Имена

Памяти Давида Боровского

Павел Руднев, Взгляд, 7.04.2006
Новость, пришедшая в Москву за два часа перед началом спектакля, была встречена сдержанными всхлипываниями и всеобщей депрессией
Из жизни и дела ушел крепкий, молчаливый, суровый человек. Как водится для театрального странника, Давид Боровский скончался на другом континенте — в колумбийской столице Боготе, куда на фестиваль ибероамериканской культуры съехались многие выдающиеся люди отечественного театра. Перелет, перемена климата и смещение во времени сыграли дурную роль в судьбе мастера: отказало сердце.
Одесский еврей, он не был классическим одесситом. Угрюмый и угловатый, могущий показаться чужому человеку злым и циничным, он держался благородным мудрым старцем. Он не был светским человеком, но его часто видели в театре: Боровский любил ходить смотреть на чужие работы. Обычно людям такого полета это всеядное любопытство не свойственно. Он был похож на суровых и печальных героев Павла Филонова, на его лице отпечатались вечная усталость и упорная сосредоточенность. В свои 72 года Боровский все время работал. Болезнь свалила не пенсионера — труженика.
Его и при жизни называли великим. О том, что Боровский был главной фигурой российской советской сценографии, красноречиво говорит хотя бы тот факт, что в знаменитом театральном словаре Патриса Пави он единственный упомянутый современник среди деятелей русского театра, первый и главный, кого французский семиотик смог упомянуть после Мейерхольда и Станиславского.
Боровский не был создателем Театра на Таганке. Он пришел туда случайно на четвертом году работы труппы и задержался более чем на 30 лет, став не просто соавтором Юрия Любимова, но и создателем агрессивного стиля театра, стиля натиска, творцом его жесткой, формалистической, строгой цветовой гаммы. Стиль Таганки — стиль Боровского, глубоко не советское явление, восходящее к опытам российских конструктивистов, футуристов и кубистов. Театр, возродивший формализм, убивший в свое время Всеволода Мейерхольда. Благодаря Давиду Боровскому мы имеем прецедент целого театра художника, который развивала на сцене вторая после Любимова личность Театра на Таганке.
Его таганковский период начался с «Живого», лихой и печальной деревенской повести Бориса Можаева. Любимов всегда открещивался от «политического» шлейфа Театра на Таганке. «Нас заставили заниматься политикой», — часто поговаривал Любимов, утверждая, что молодых актеров больше всего увлекал эстетический эксперимент, формотворчество, пафос эстетической альтернативы.
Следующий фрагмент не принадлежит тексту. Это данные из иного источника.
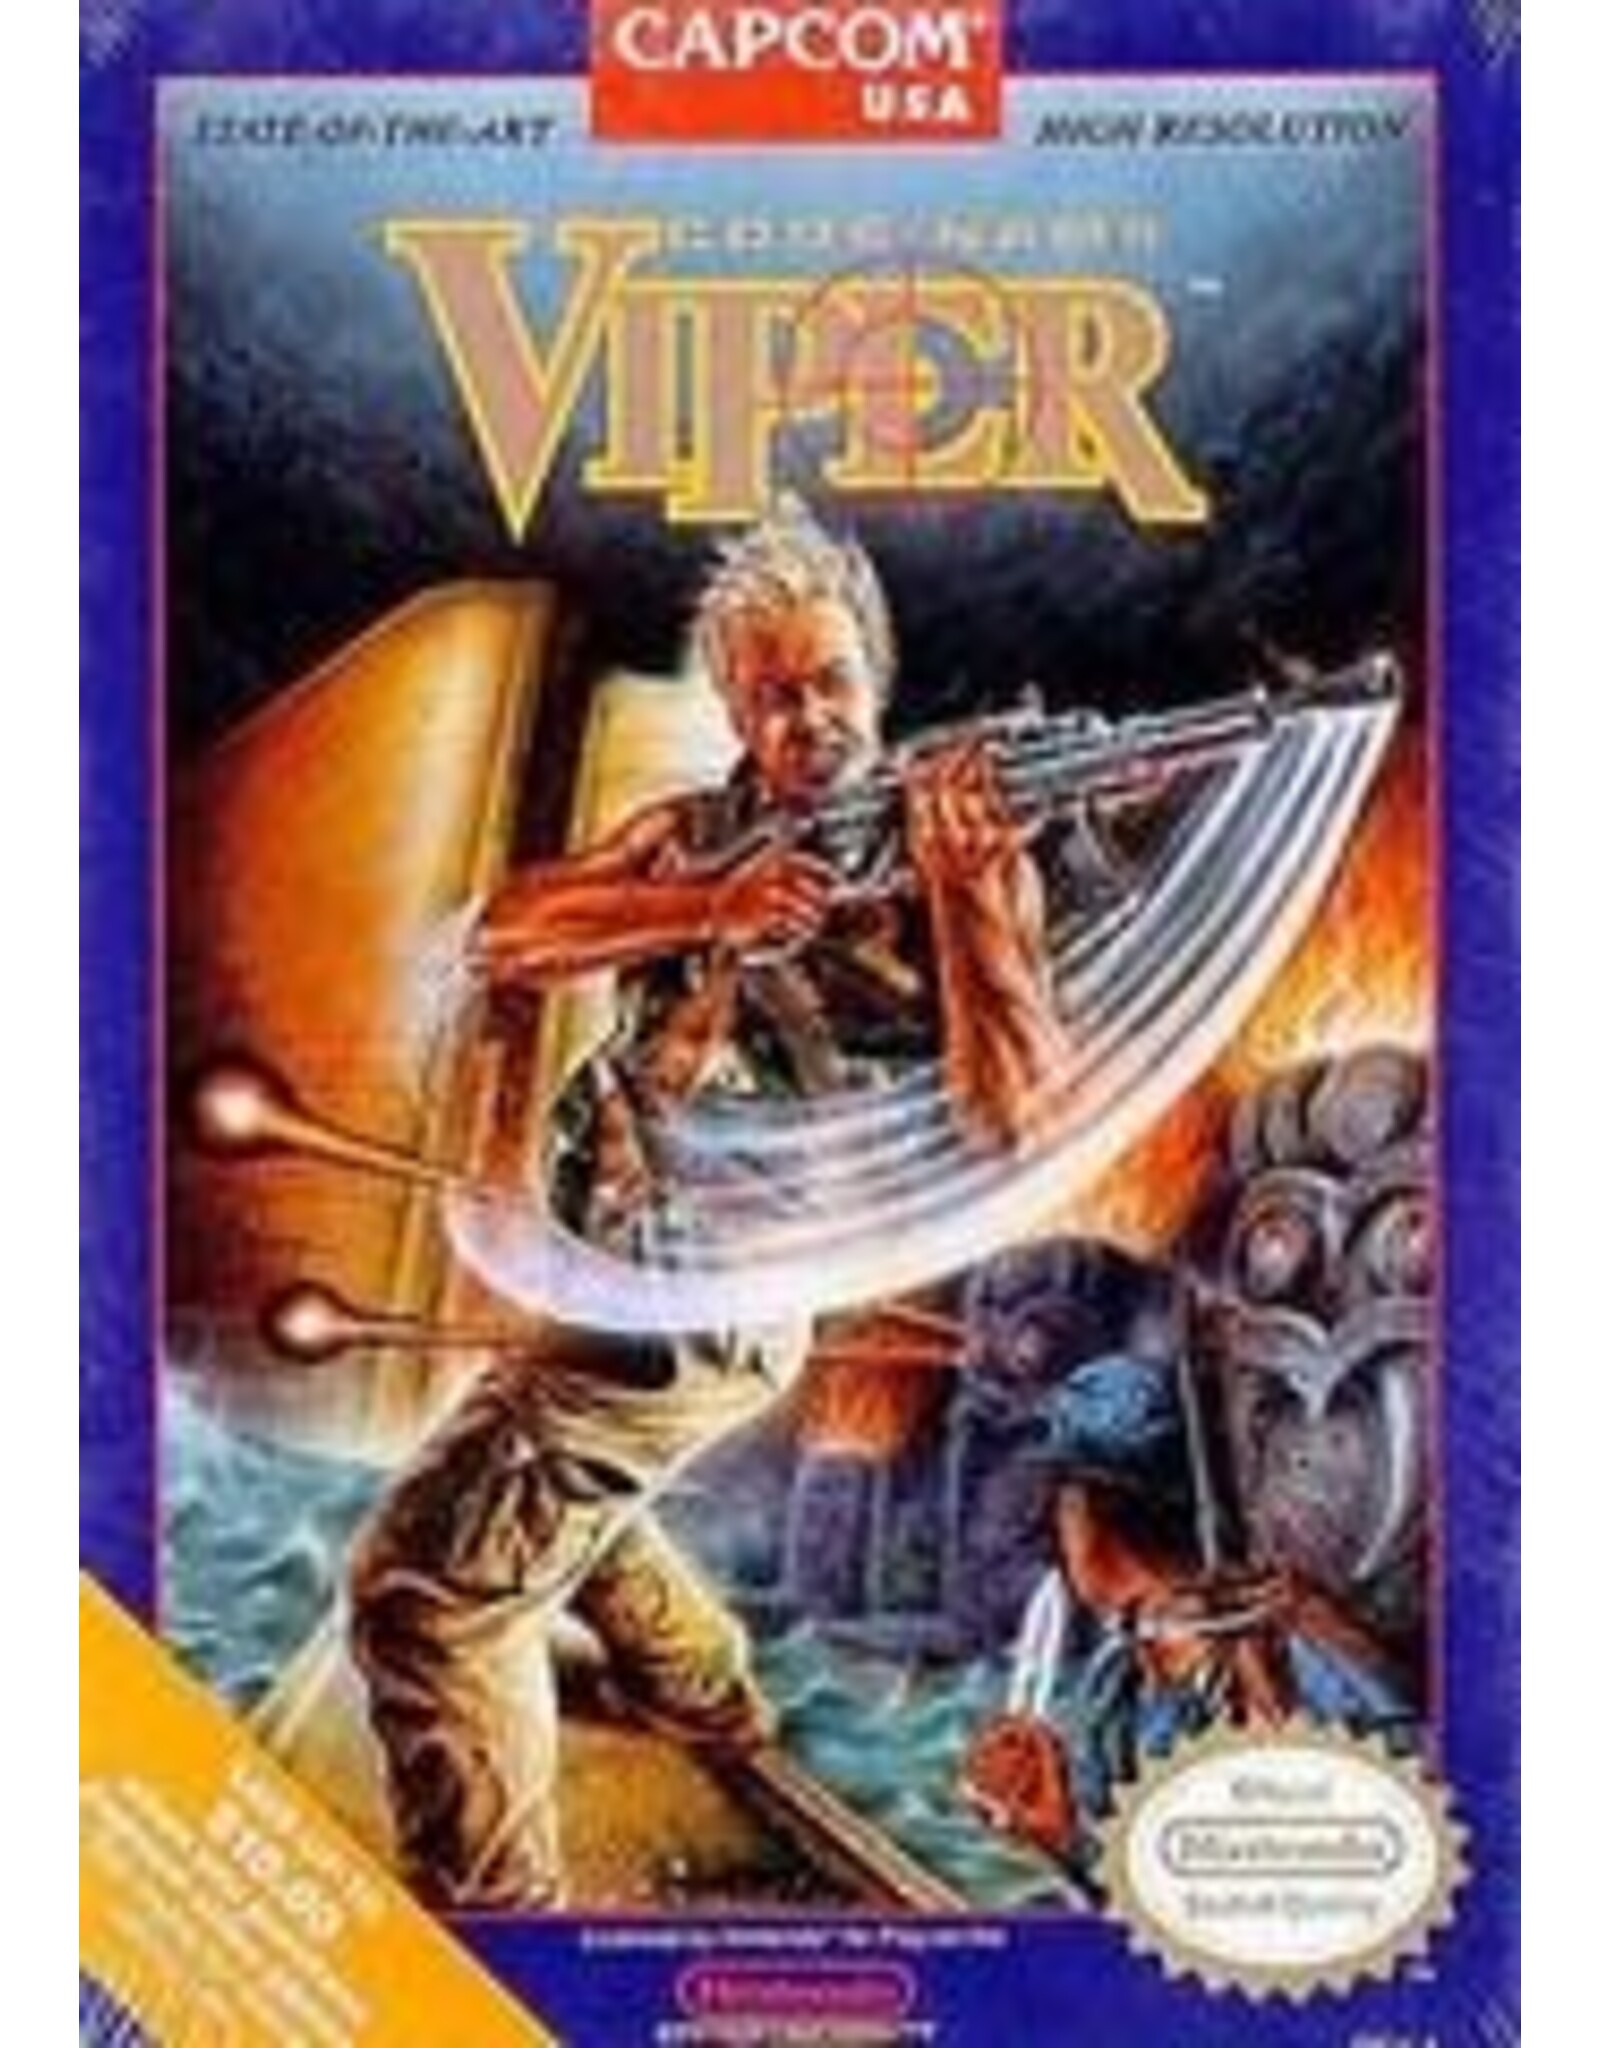 NES Code Name: Viper (Used, Cart Only, Cosmetic Damage)

В политическую, «противоборческую» трубу Таганку загоняло время, загоняла постоянная утомительная борьба с цензурой, которой нужно было выставлять фиги. Первый спектакль Боровского на Таганке (к тому времени художник перебрался из Киева в московский Театр им. Станиславского по велению Бориса Львова-Анохина) был закрыт и стал легендой — «Живой». Массовый зритель увидел его уже в конце 1980-х — эти стройные настоящие березки, среди которых искали правды и заблуждались наивные жители можаевской деревни.
Сценографические идеи Боровского как раз и были той эстетической новацией Таганки, радикализм которой был воспринят как жест политический. Его революционные идеи пахли для министерских чиновников контрреволюцией. Боровский возрождал и преобразовывал традиции русского живописного авангарда 20-х годов с его неизбежным поклонением форме, суровости, минимализму. Его фирменный стиль — скупые геометрические формы, в которых живет, «колосится», дышит, страдает натуральный предмет, кусок живой фактуры. Боровский всегда колебался между конструктивизмом и натурализмом. Он вживлял в искусство куски жизни, куски житейского «мяса». Он дарил живым предметам на сцене властность геометрических форм, энергию «черного квадрата».
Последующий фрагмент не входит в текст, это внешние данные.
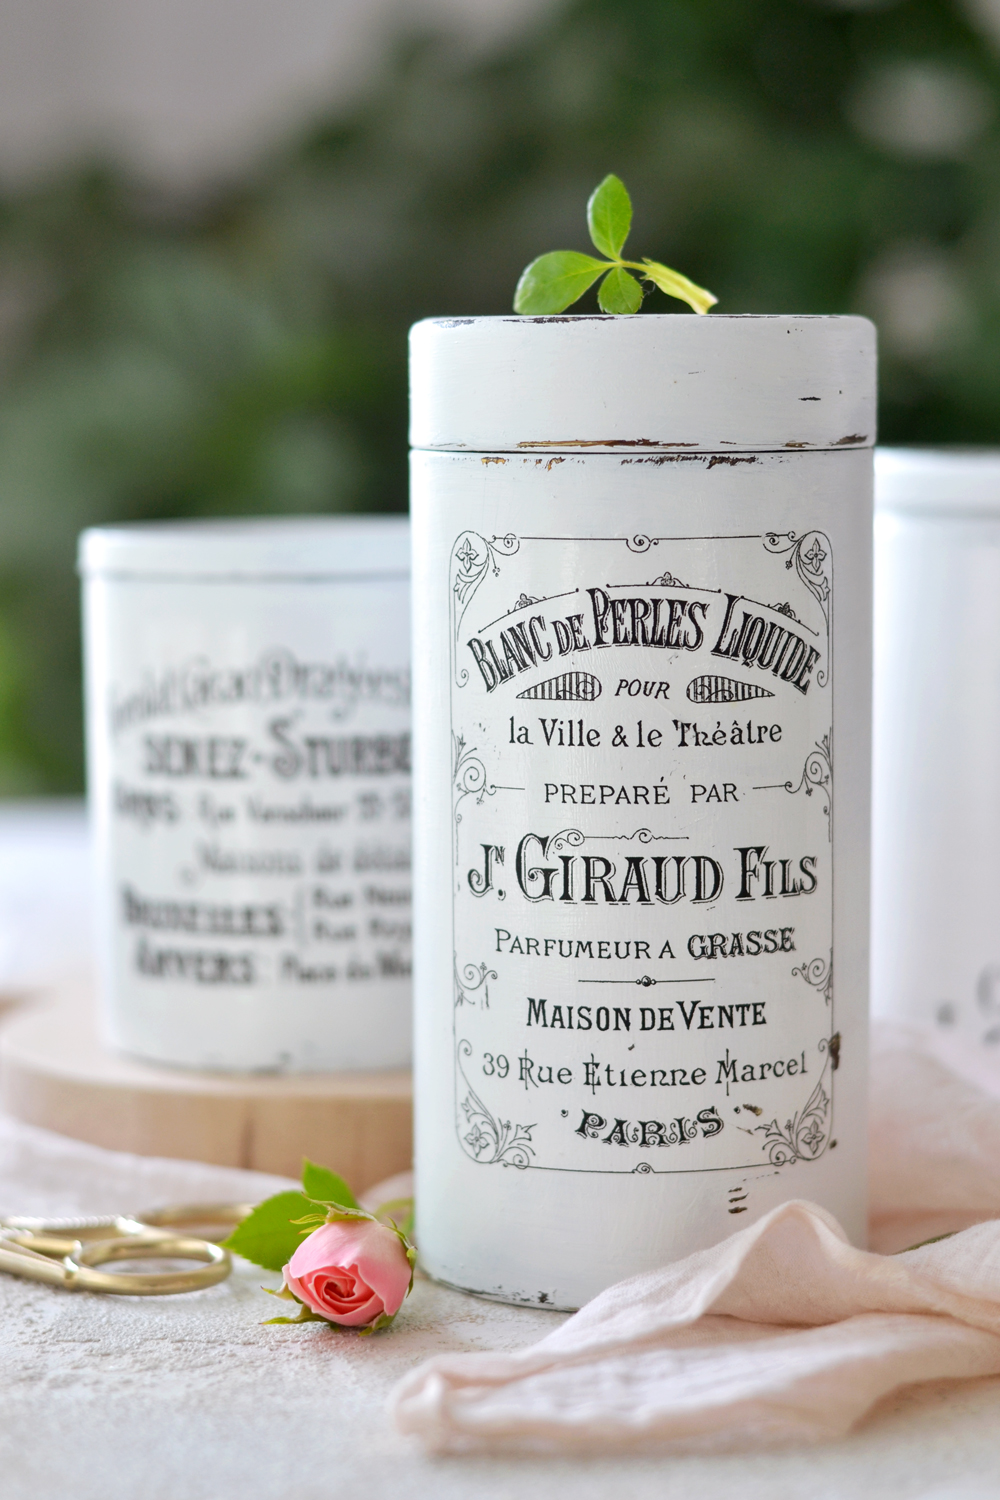 finished containers with french labels

Вздернутая под колосники борона в «Деревянных конях» Абрамова, натуральная чугунная борона, привезенная из Архангельской области, болталась над страдающей крестьянкой Милентьевной и как орудие рока, и как орудие пытки, которую, по ренессансной иконописной традиции, мученики несут с собой и предъявляют Господу на Страшном суде как свидетельство своих телесных мучений. Весь бабий бунт, все женское неразделенное страдание было выражено в этом черном артефакте, нависшем над головой актрисы.
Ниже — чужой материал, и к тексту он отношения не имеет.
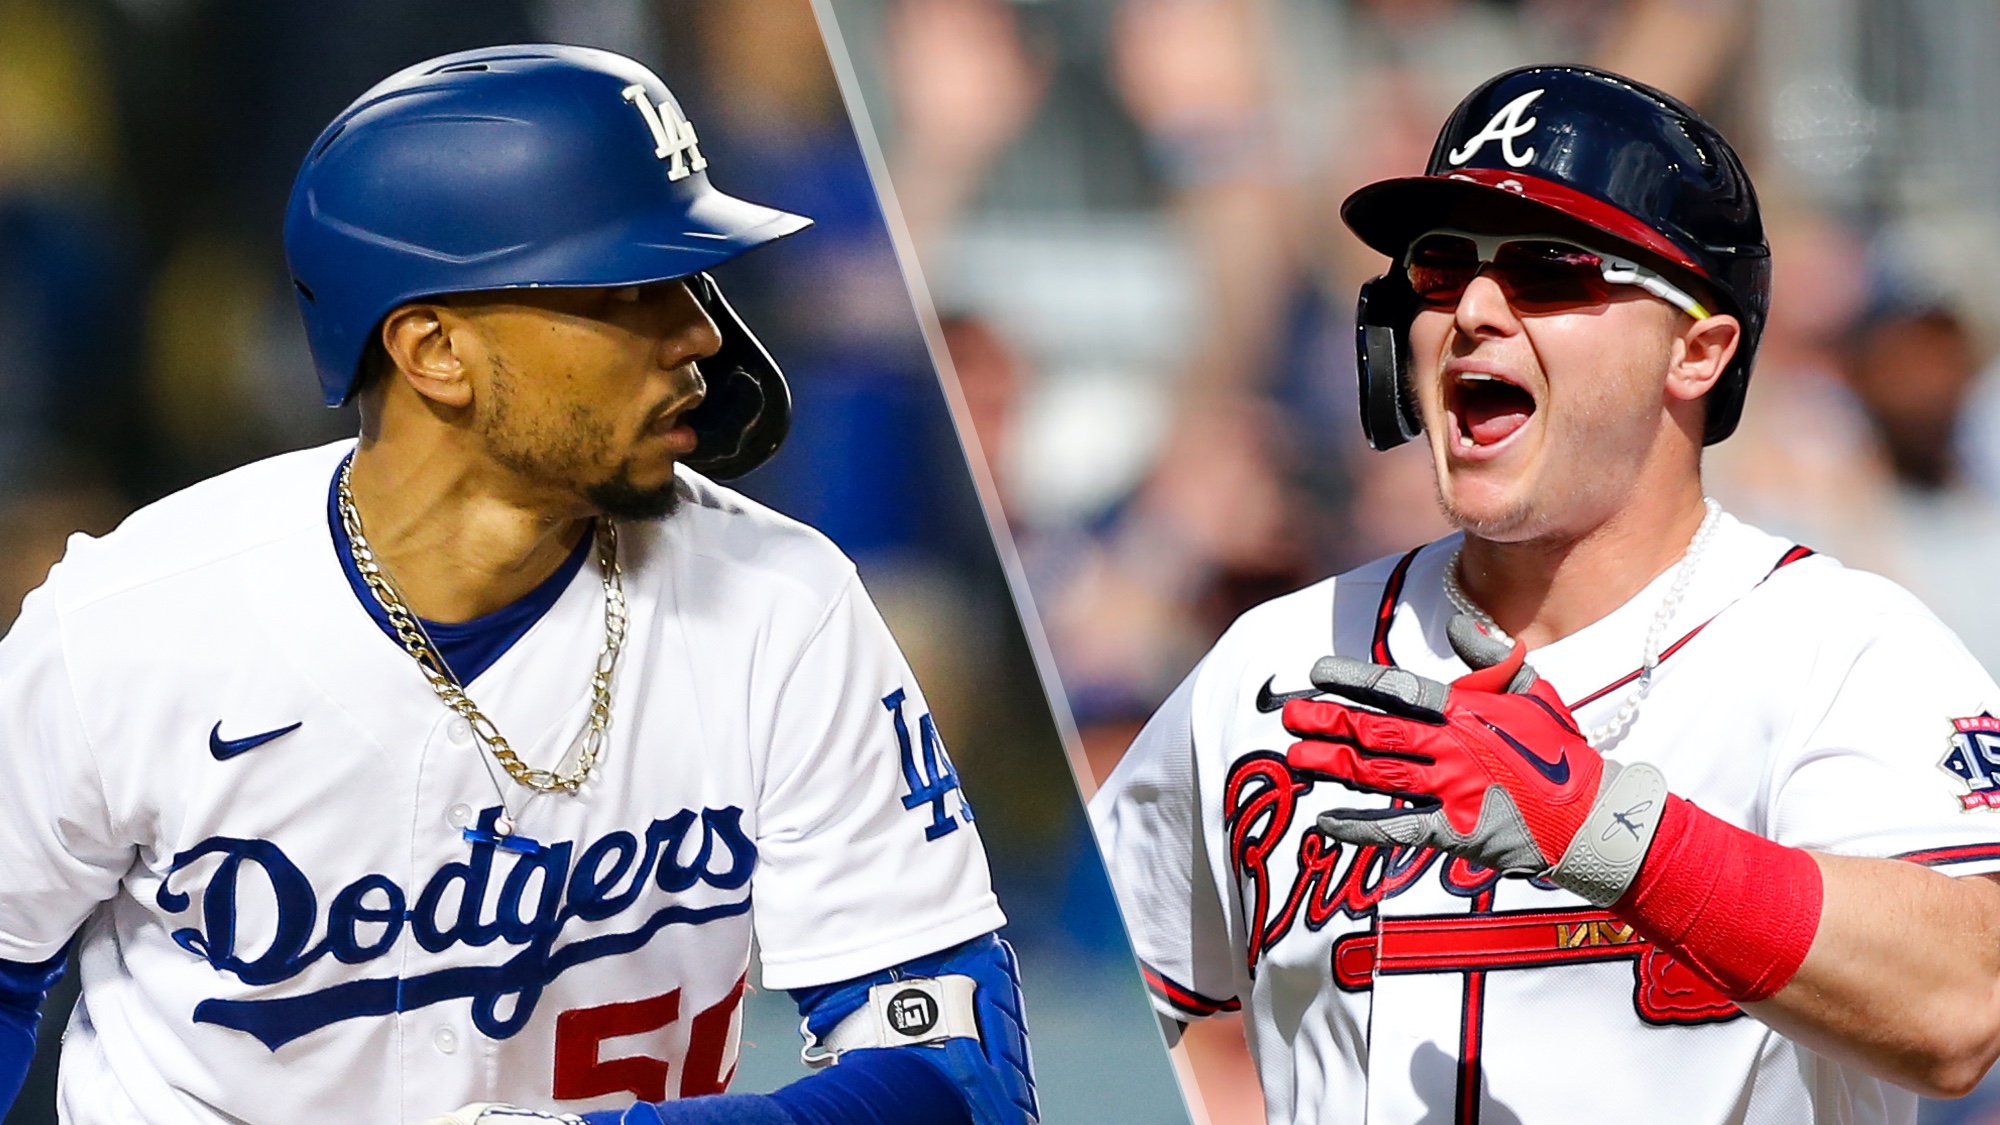 Dodgers vs Braves live stream is here How to watch the NLCS Game 1

Обшарпанный борт грузовика ИХ 16-06 в «А зори здесь тихие» выполнял функцию слуги просцениума. Он скрывал девичью наготу в сцене в бане, он служил гробовой доской для шестерых мучениц войны, он взлетал в небо как души погибающих девочек или неожиданно обнажал их для очереди нацистских пуль. Борт грузовика — живая плоть военной эпохи — превращался в поэтическую метафору, его перемещения по сцене означали нервную пульсацию эпохи, не хранящей покой женщины. Борт грузовика утверждал прозаизм войны, его сермяжную простоту и беспафосность — если угодно, даже «банальность» смерти. Их было не шесть и не шестнадцать, их было тьма и тьма, погребенных, втоптанных в землю безымянных солдат. В «Зорях» Боровский выводил театр за пределы сценической площадки — и это тоже одна из его заслуг перед искусством сцены. Зритель, в финале выползавший из-под брезента, которым был драпирован зал Театра на Таганке, видел на знаменитой крутой лестнице, ведущей в буфет, шесть зажженных свечей, чей молочный свет постепенно подымался вверх. Боровский превращал военный мемориал в религиозный символ — в блистающую лестницу Иакова, по которой вот-вот снизойдут до нас ангелы небесные и простят погибшие души.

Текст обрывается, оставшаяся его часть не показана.